= DATA FOR THIS EXERCISE =
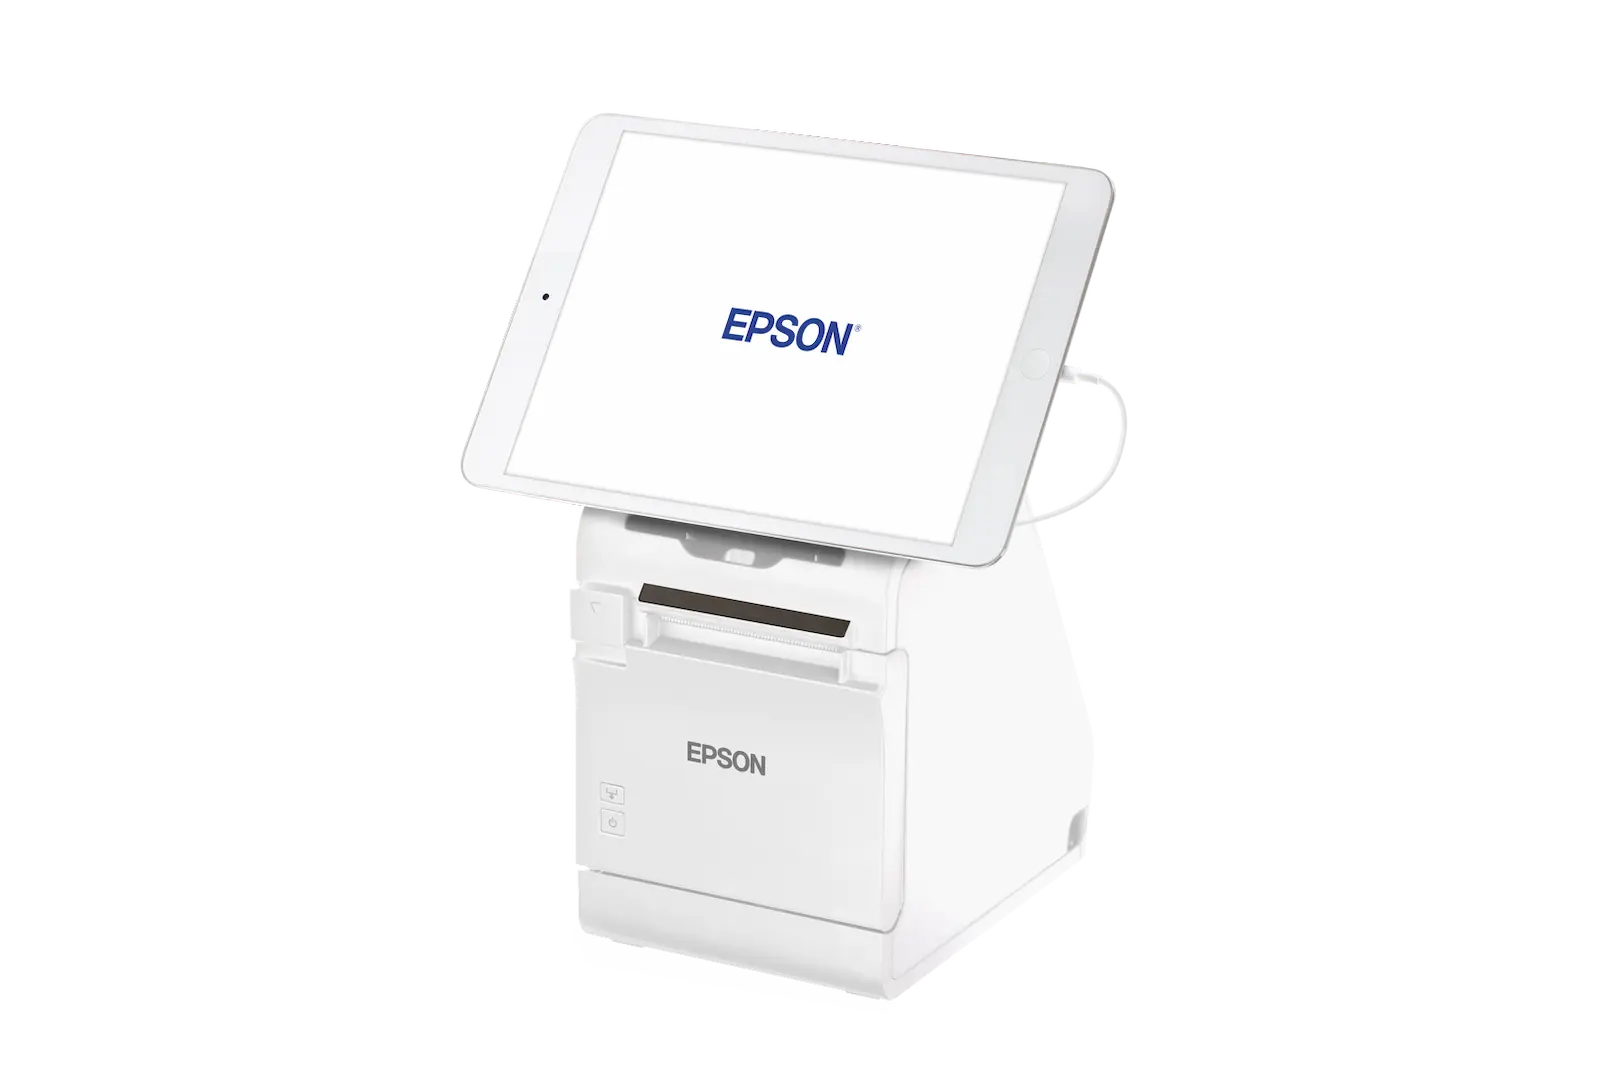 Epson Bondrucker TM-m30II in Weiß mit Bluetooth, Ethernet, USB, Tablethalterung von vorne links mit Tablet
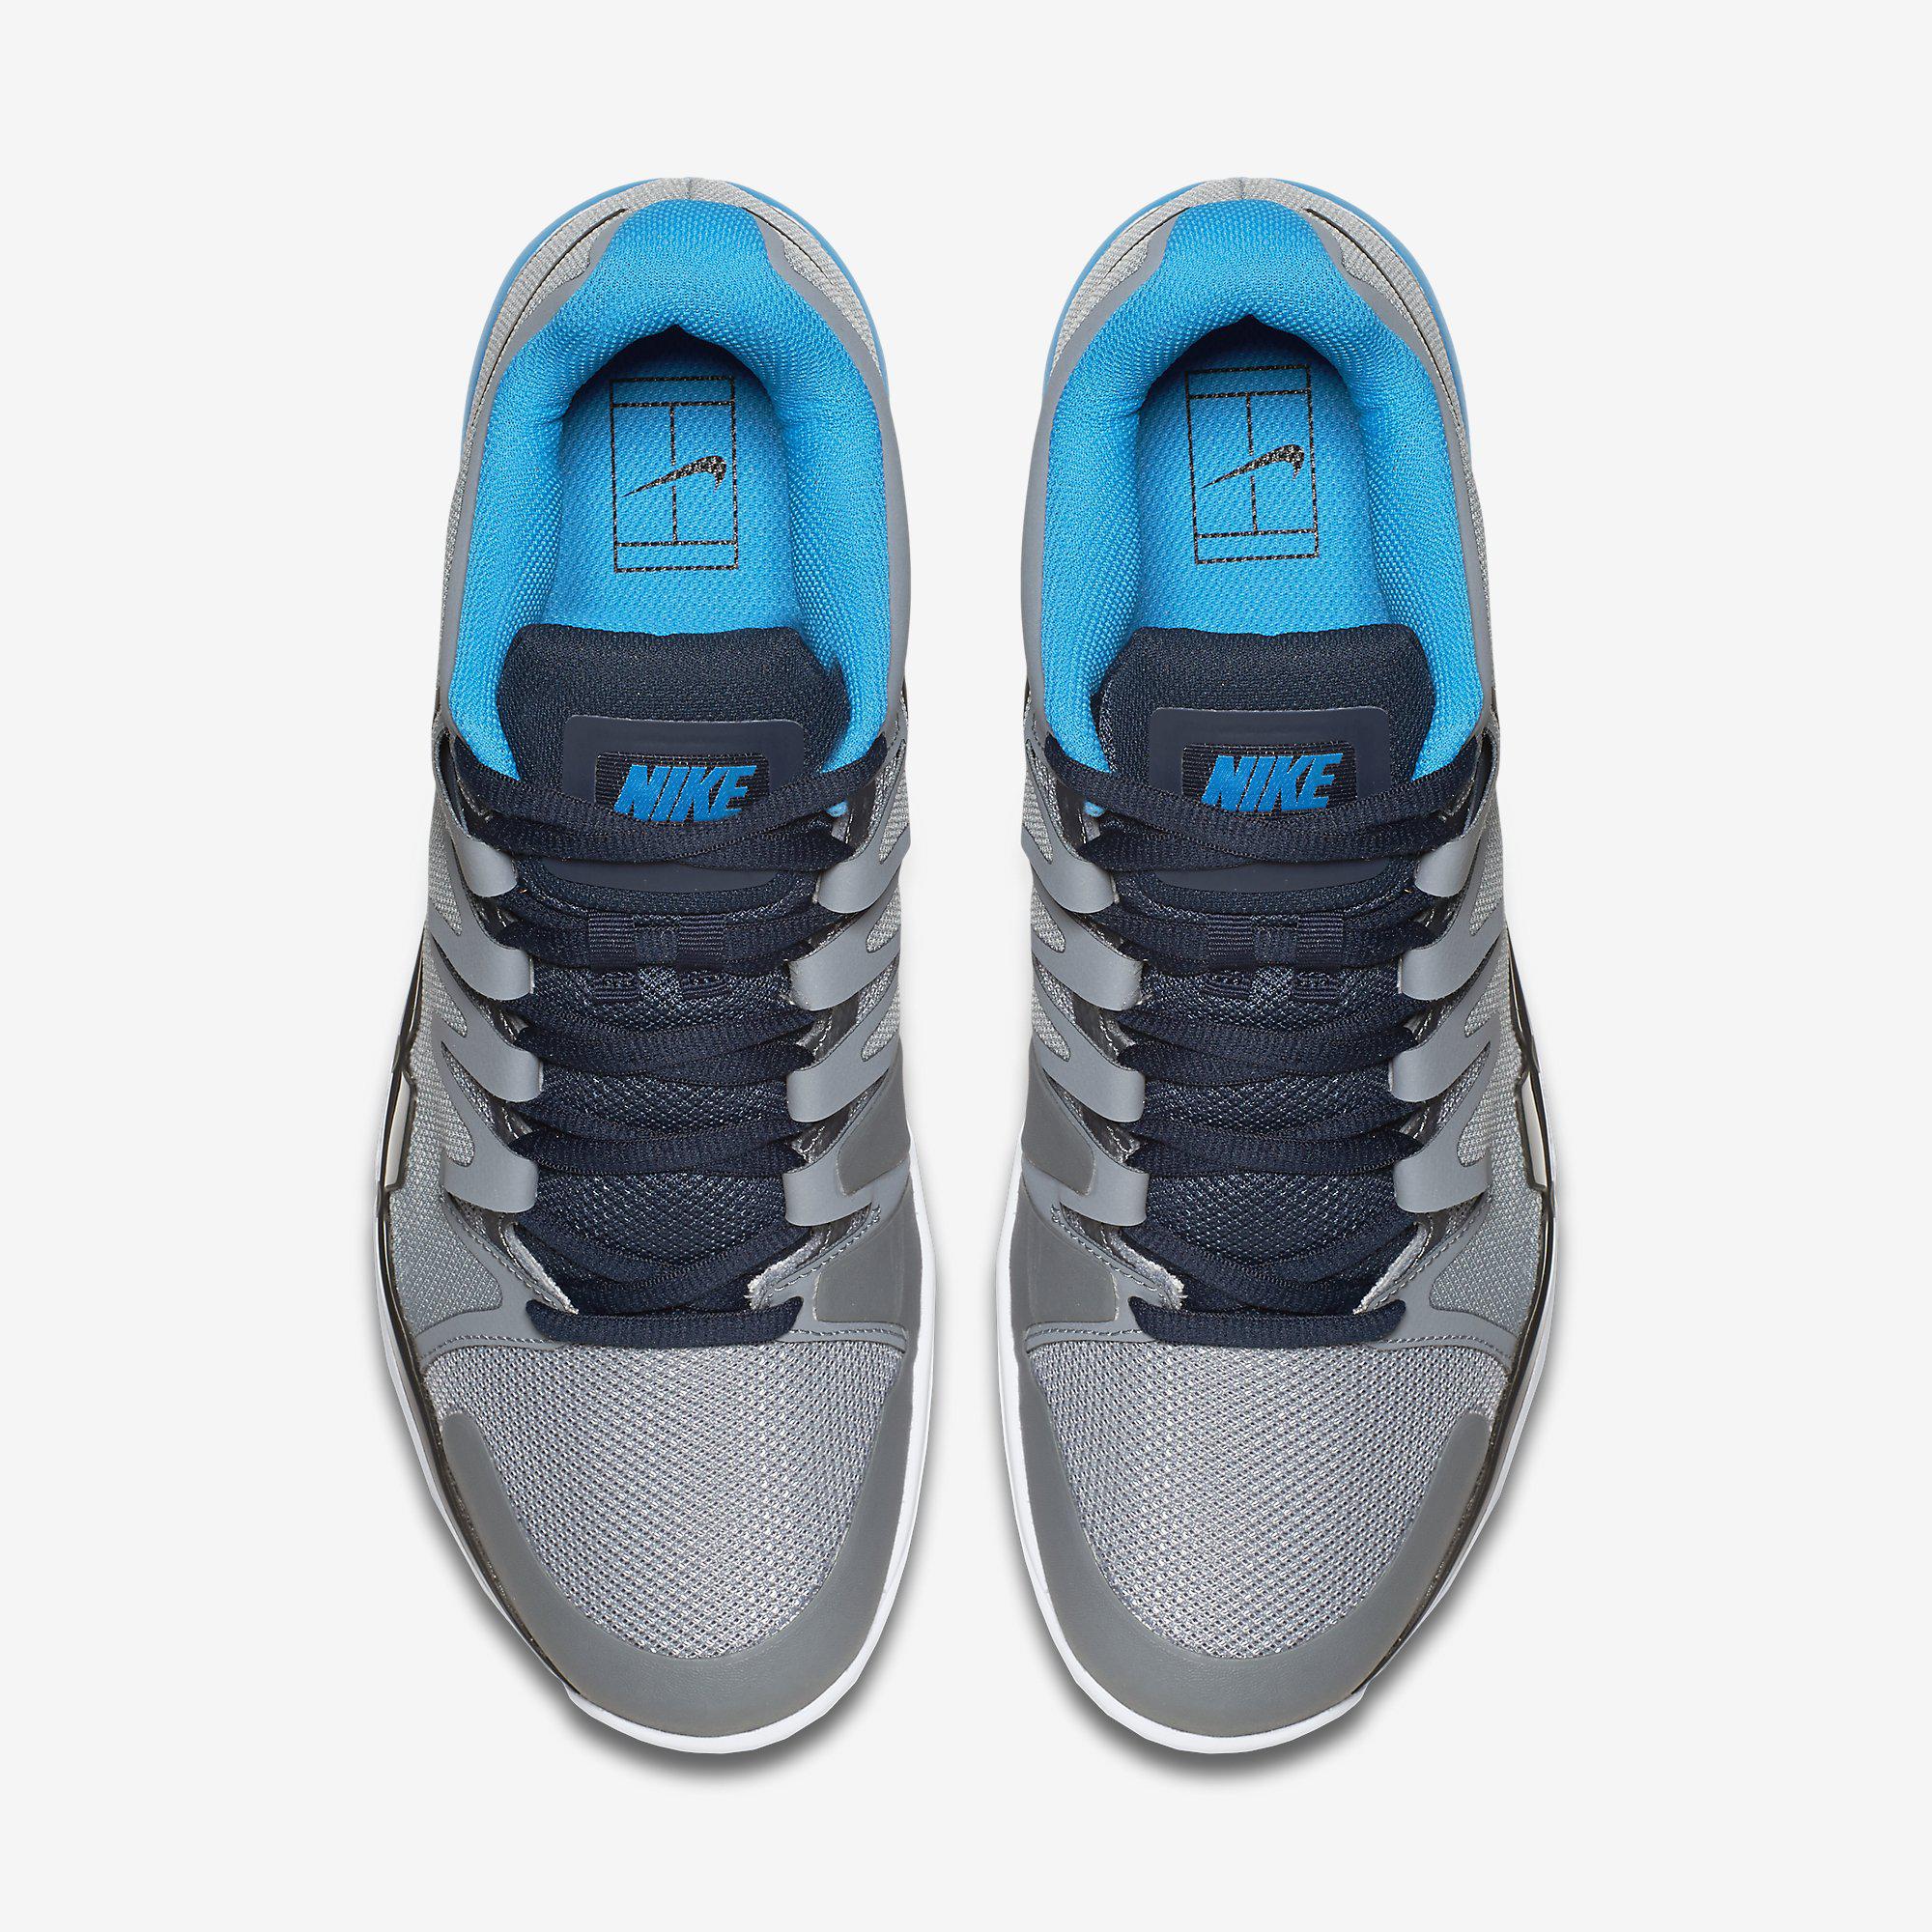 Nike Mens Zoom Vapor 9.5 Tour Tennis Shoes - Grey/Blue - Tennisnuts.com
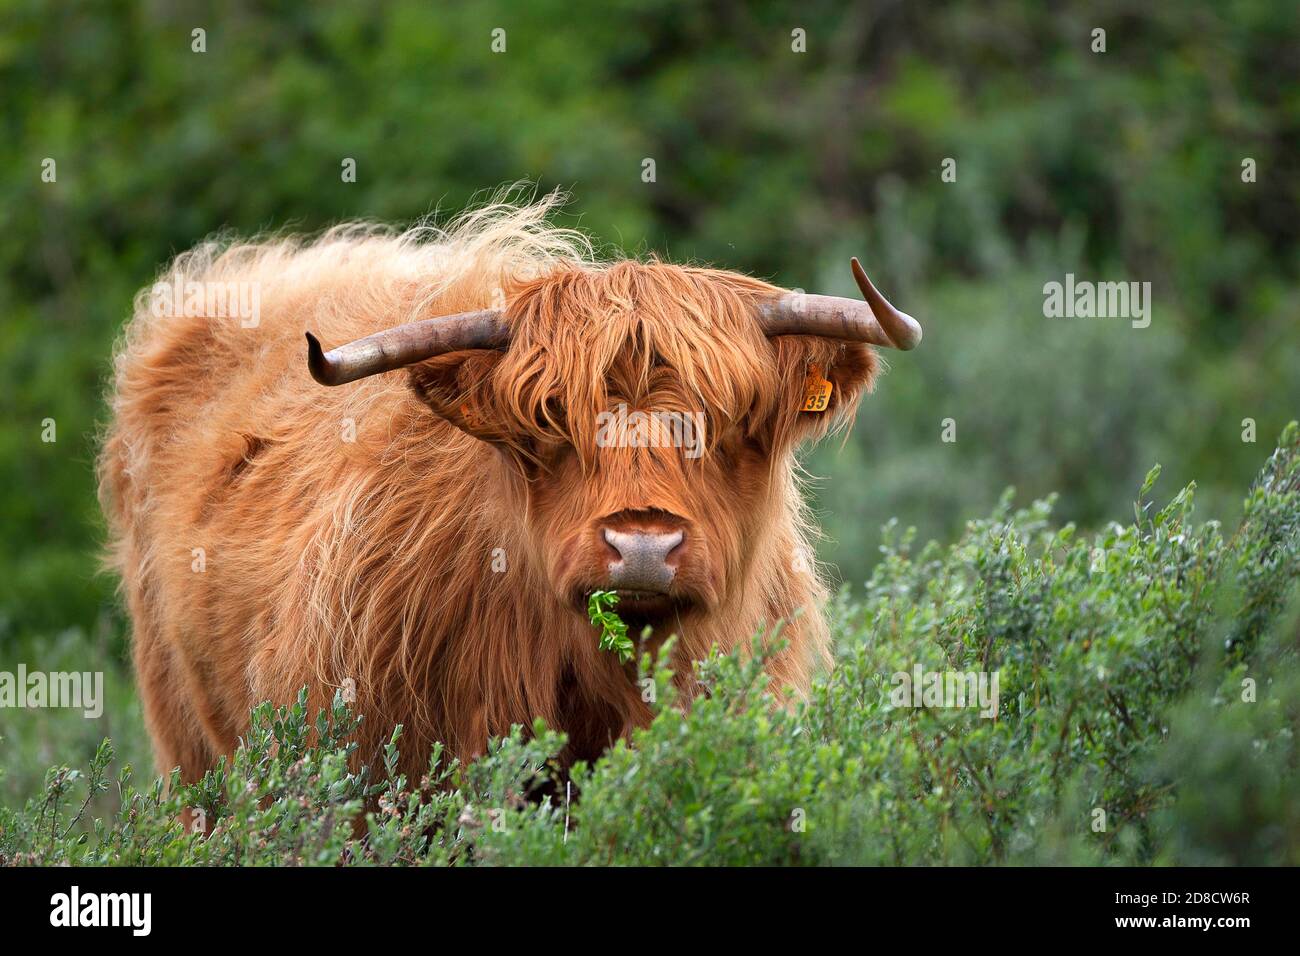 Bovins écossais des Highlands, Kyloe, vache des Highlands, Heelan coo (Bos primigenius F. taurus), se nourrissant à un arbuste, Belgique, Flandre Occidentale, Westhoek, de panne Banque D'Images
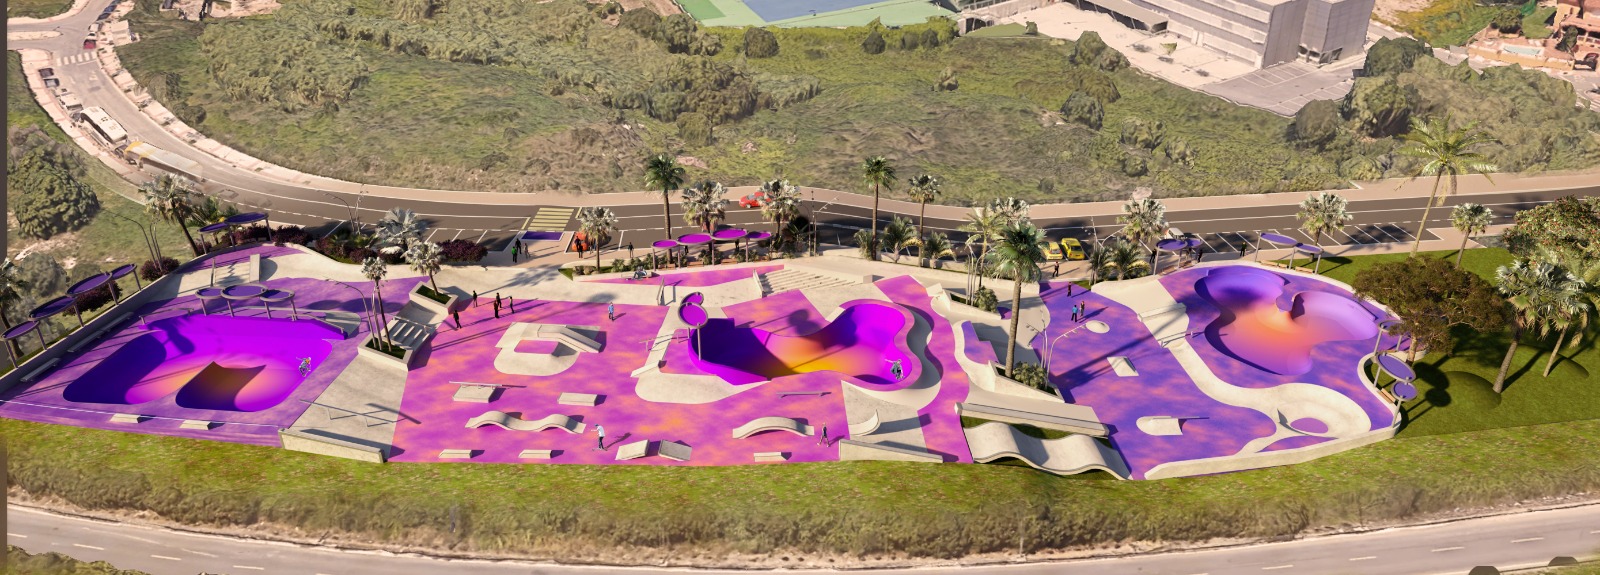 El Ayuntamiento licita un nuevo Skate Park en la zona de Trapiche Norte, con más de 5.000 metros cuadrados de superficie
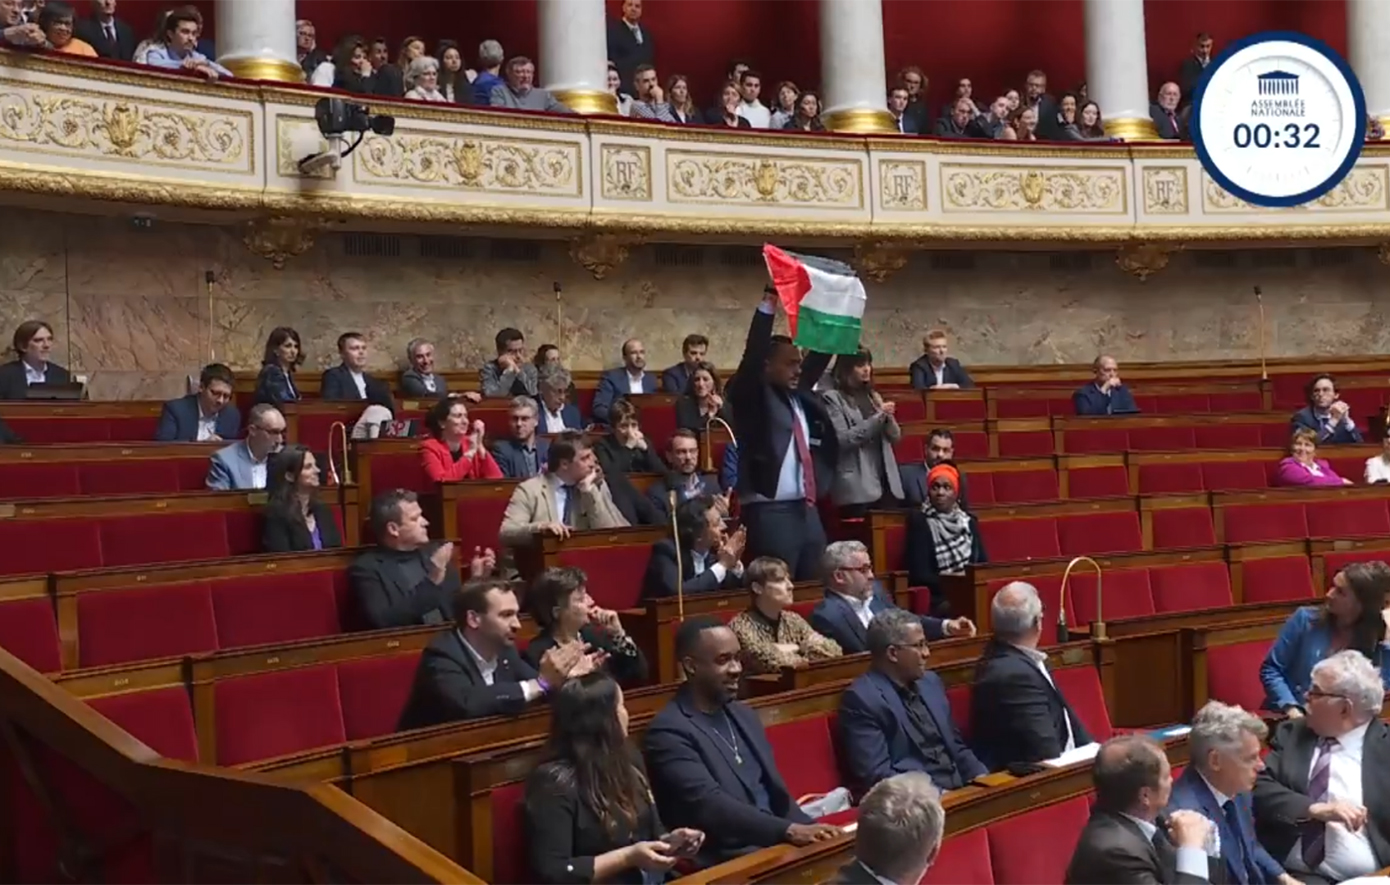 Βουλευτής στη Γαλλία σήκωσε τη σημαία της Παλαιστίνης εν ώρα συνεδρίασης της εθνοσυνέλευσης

= EXERCISE DETAILS =
Starting with the first line of the data above and ending with the line containing "Bovins écossais des", please restate every line exactly, leaving images out.

= SOLUTION TO THE EXERCISE =
 Epson Bondrucker TM-m30II in Weiß mit Bluetooth, Ethernet, USB, Tablethalterung von vorne links mit Tablet
 Nike Mens Zoom Vapor 9.5 Tour Tennis Shoes - Grey/Blue - Tennisnuts.com
 Bovins écossais des Highlands, Kyloe, vache des Highlands, Heelan coo (Bos primigenius F. taurus), se nourrissant à un arbuste, Belgique, Flandre Occidentale, Westhoek, de panne Banque D'Images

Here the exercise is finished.